05 June 2008

Victor Turner Strikes Back!

Alison mentioned our old friend Victor Turner this evening to me, and then in discussion with Greg I realised that liminal theory could be applied to the notion of Other in society.

For those who are not familiar with Arthur Van Gennep's liminal theory, later used by the anthropologist Victor Turner, it goes as follows:

There are three stages: Separation, Liminality, and Reaggregation. First a person is separated from their community; then they are in a state that is called Liminality where they are neither a member of the community, nor a stranger; then, once whatever rites of passage need to be completed, they are taken in again, or reaggregated, back into society with a new status. The concept comes from the Latin word limen meaning "threshold". When you are on the threshold you are neither in nor out of the house. You are in a state of liminality.

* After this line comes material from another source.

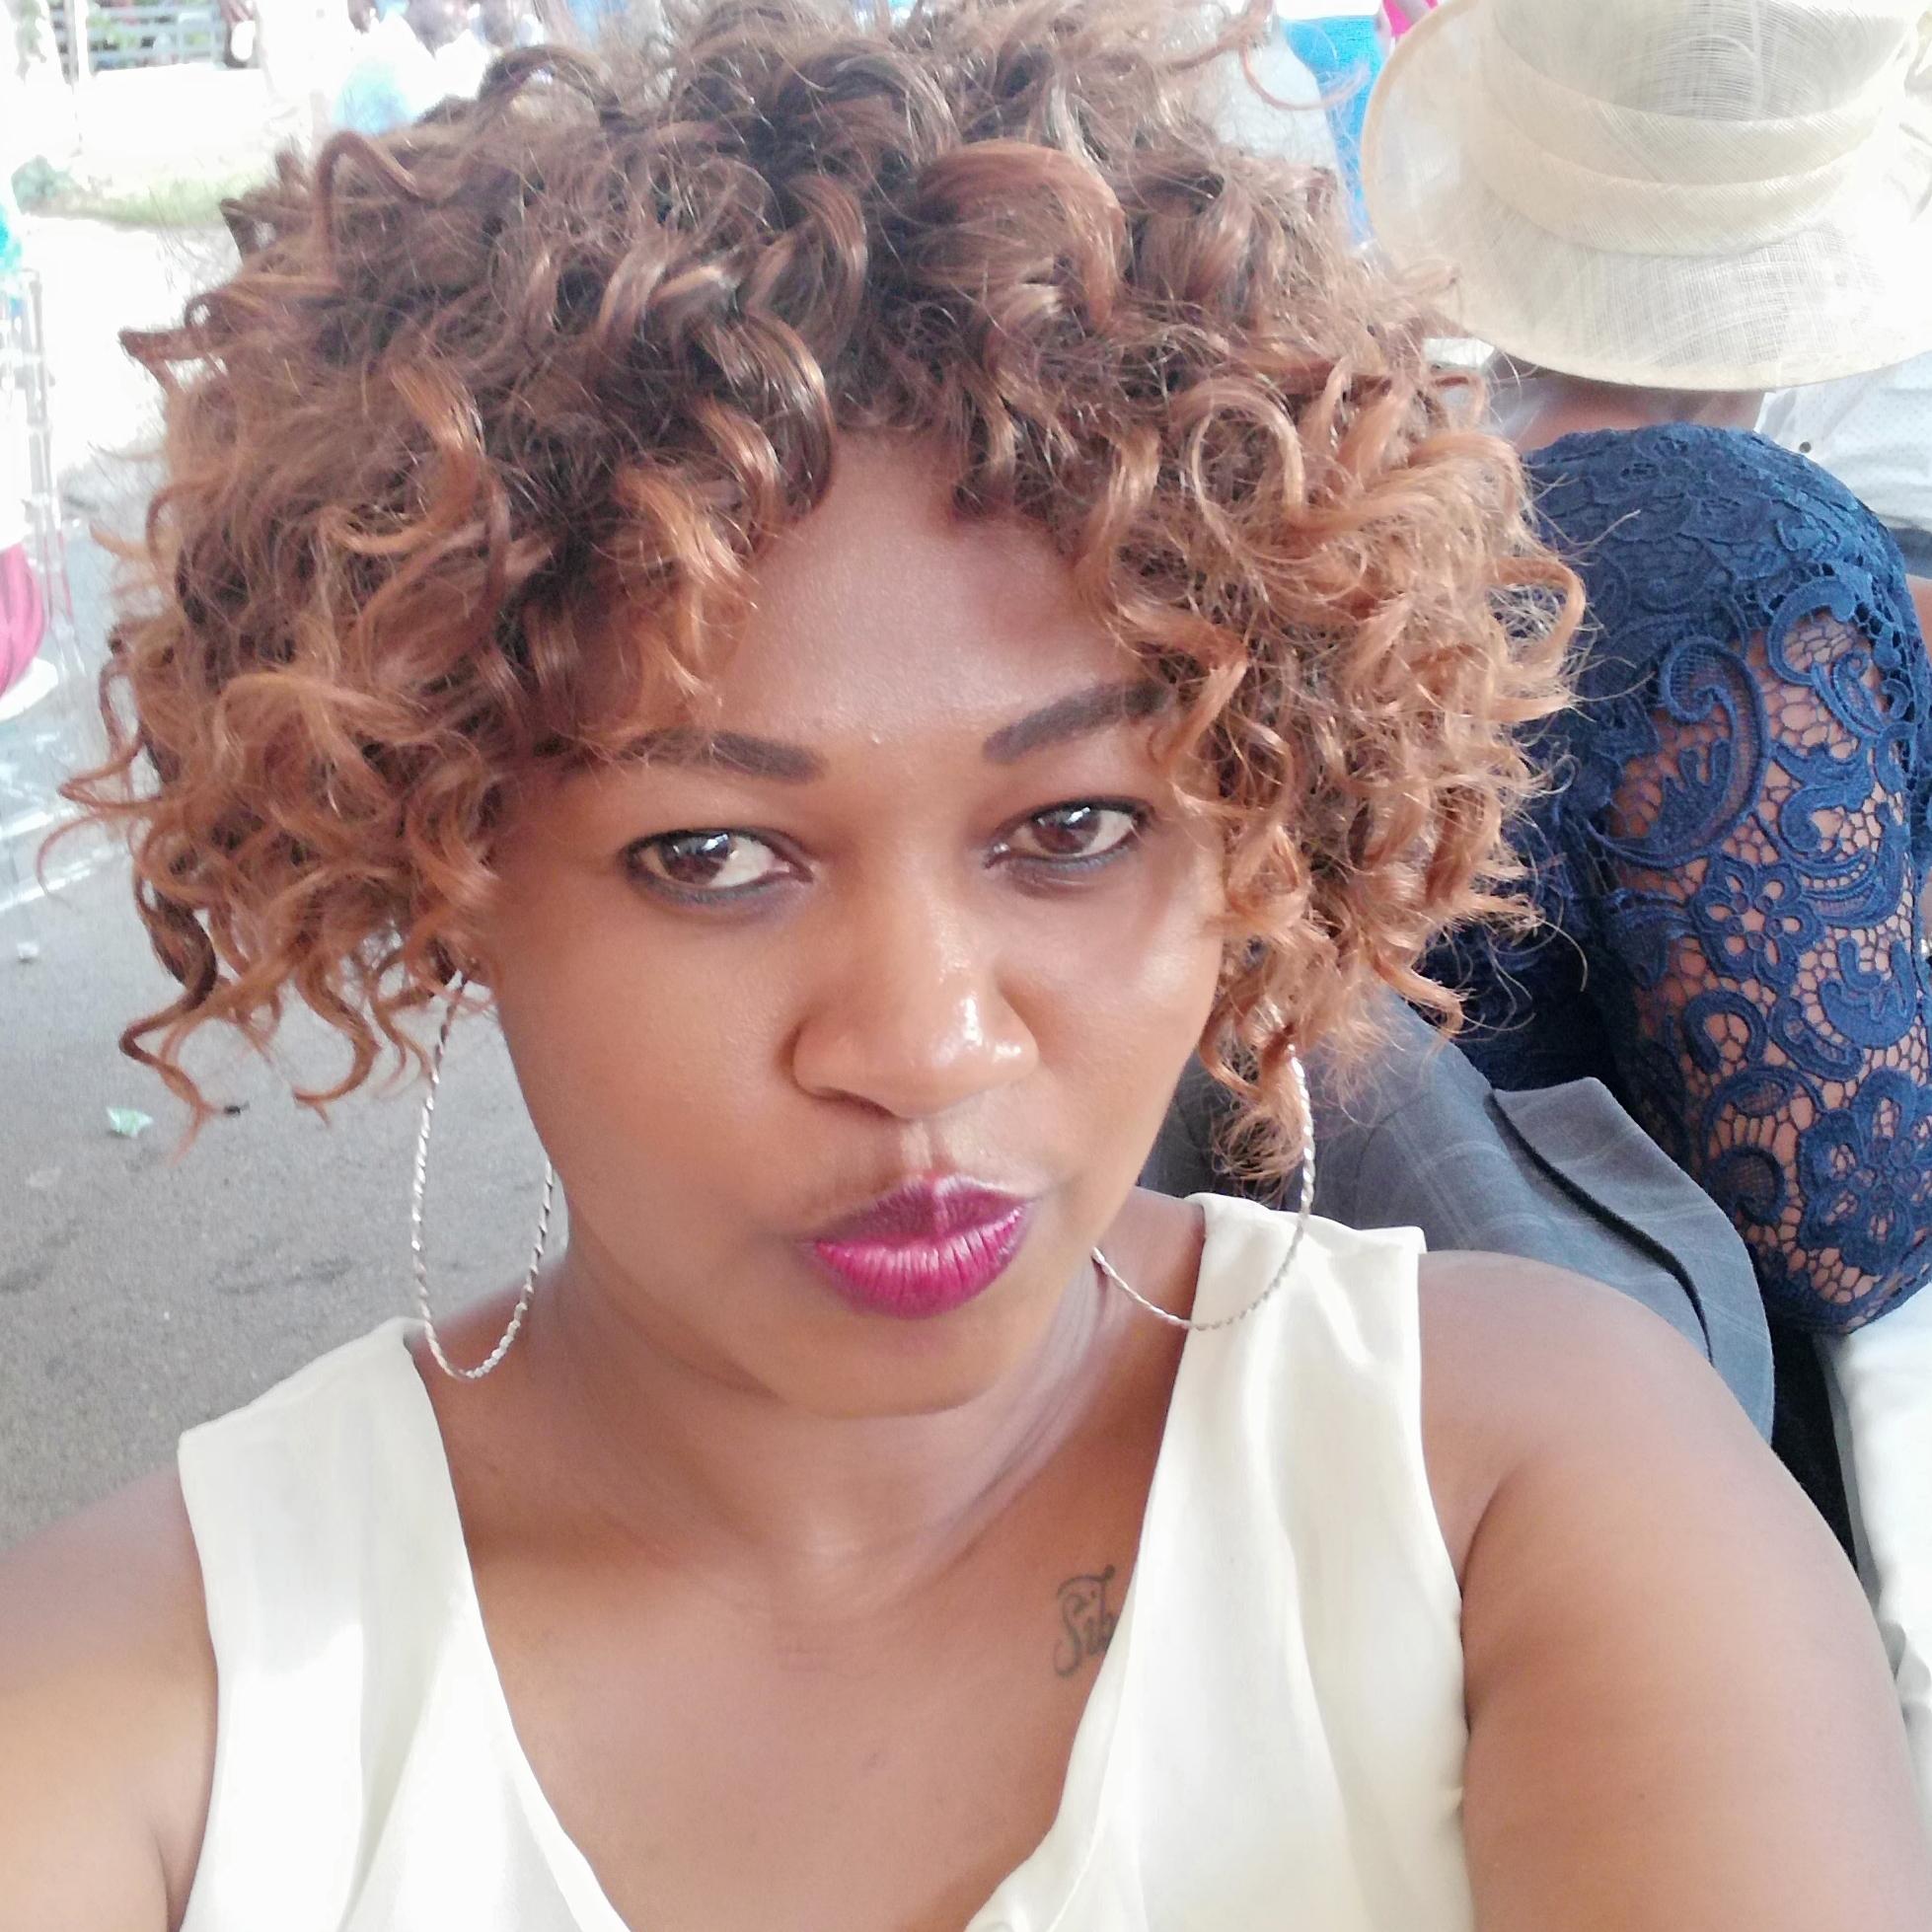 Lindiwe Maseko
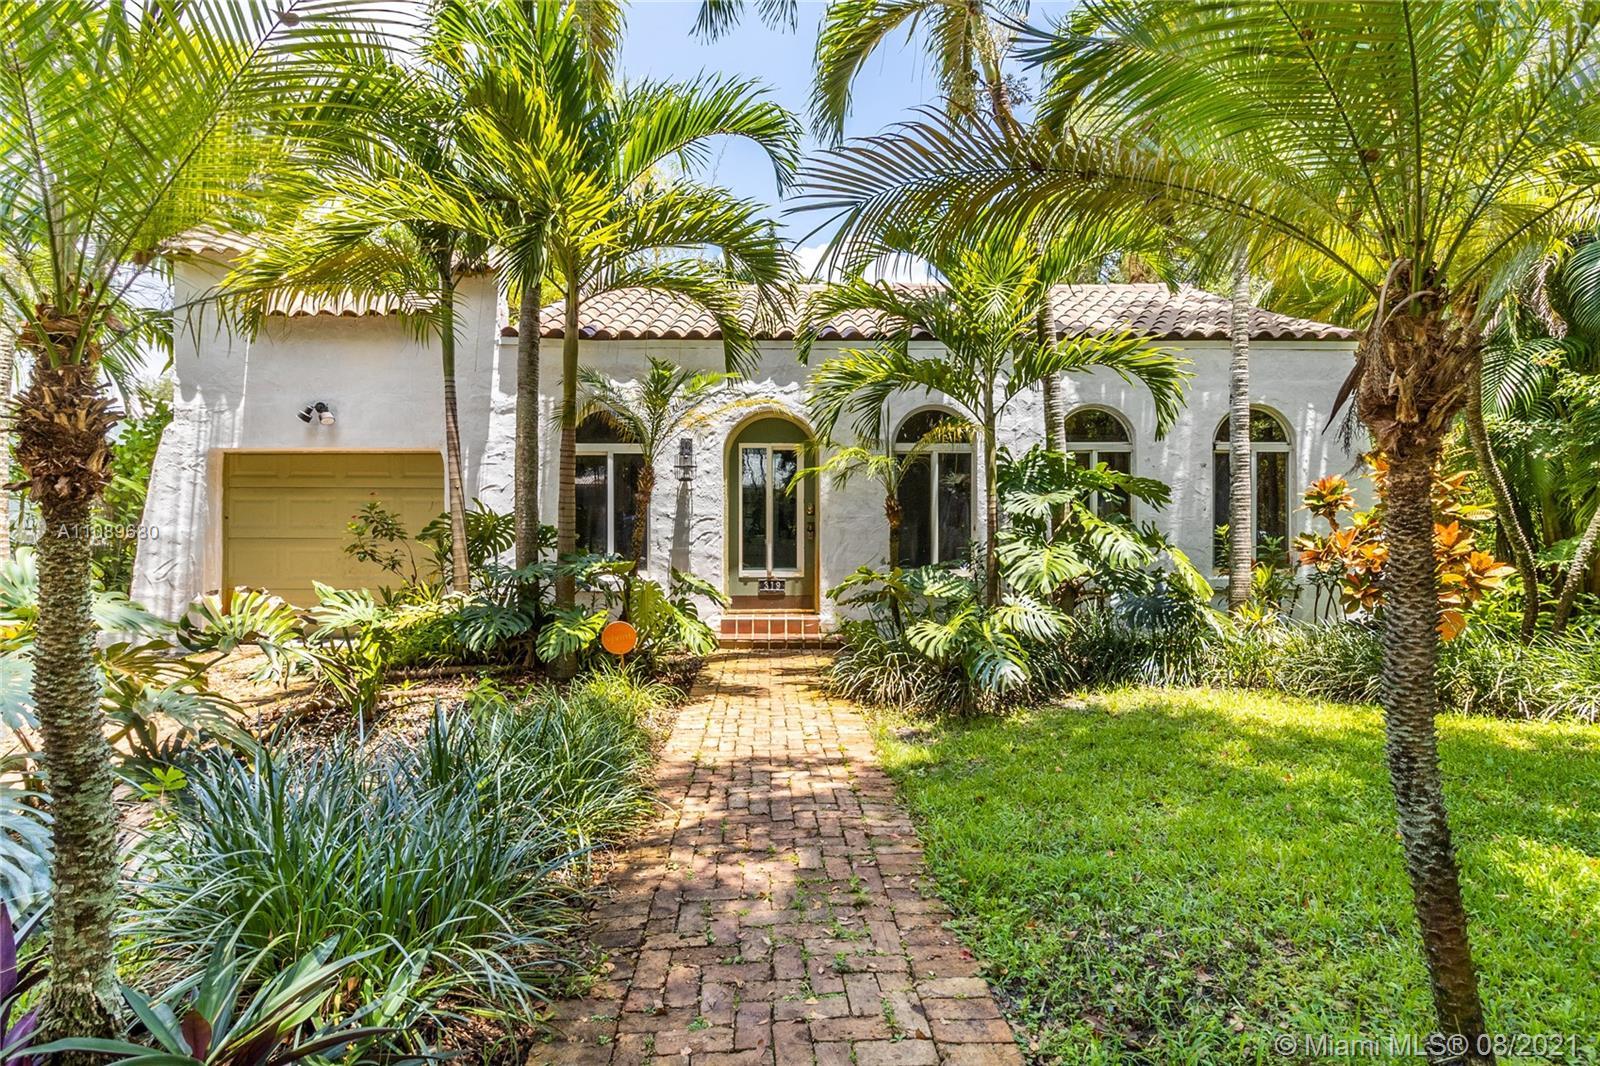 319 101st St, Miami Shores, Florida 33138

Apply this then to the notion of Other. I will direct you to Alison's post at In The Middle where she says, regarding the role of disabled people in the sacraments in the Middle Ages, that

[t]he ritual difference between a child and an adult is the basis for my use of the term “sacral disability”: being barred or hindered from full participation (inclusion in the rites and sacred responsibilities considered the norm for their age) in the religious life of the community due to a perceived Otherness. Spiritual adulthood carries different rights and responsibilities than legal adulthood, and thus the requirements for sacral adulthood do not necessarily correspond to the requirements for legal adulthood, and this highlights the need to examine each vernacular in its own context.
What we see here in this suggestion is that in the case of sacral disability, someone is being denied permission to take part in an essential rite of maturity in a community: they may not step onto and across that limen that will take them to adulthood. Disability, then, may be described in terms of whether or not one is permitted to undertake that liminal experience at all. If one is not permitted to take the Sacrament of Penance or the Eucharist, why? If it is a status question, in terms of not having attained adult or mature status through the community's rite of passage, why have they not undertaken this rite? If the community is blocking them, why and how? Preventing an individual from undertaking a rite of passage must be for a reason and it is liable to set up a state of Other, although may not necessarily do so.

This may not describe all cases of Other, but it is a different way of considering the notion which I must examine further.

1 comment:

Anonymous said...

I can't believe I missed this post. You might be curious to read about this same paradigm of "integration/liminality" in Paxton's book "Christianizing Death."

It's a curious and interesting notion, however. Does a denial of access to social rituals constitute "otherness," or is "otherness" expressed in such denials, among other things? For what Turner is describing, liminality is always followed by a reintegration -- I think Durkheim and Durkheimian social functionalists might argue that such reintegration further strengthens social bonds, because it plays off the fragility of the individual. But what happens when liminality is a permanent state, one which is perhaps forced upon a person by his or her social group? I think what would be interesting would be to look at where reintegration occurs or does not occur, and the repercussions of its denial, both on the person being denied, and the community doing the denying: what did it mean to each group?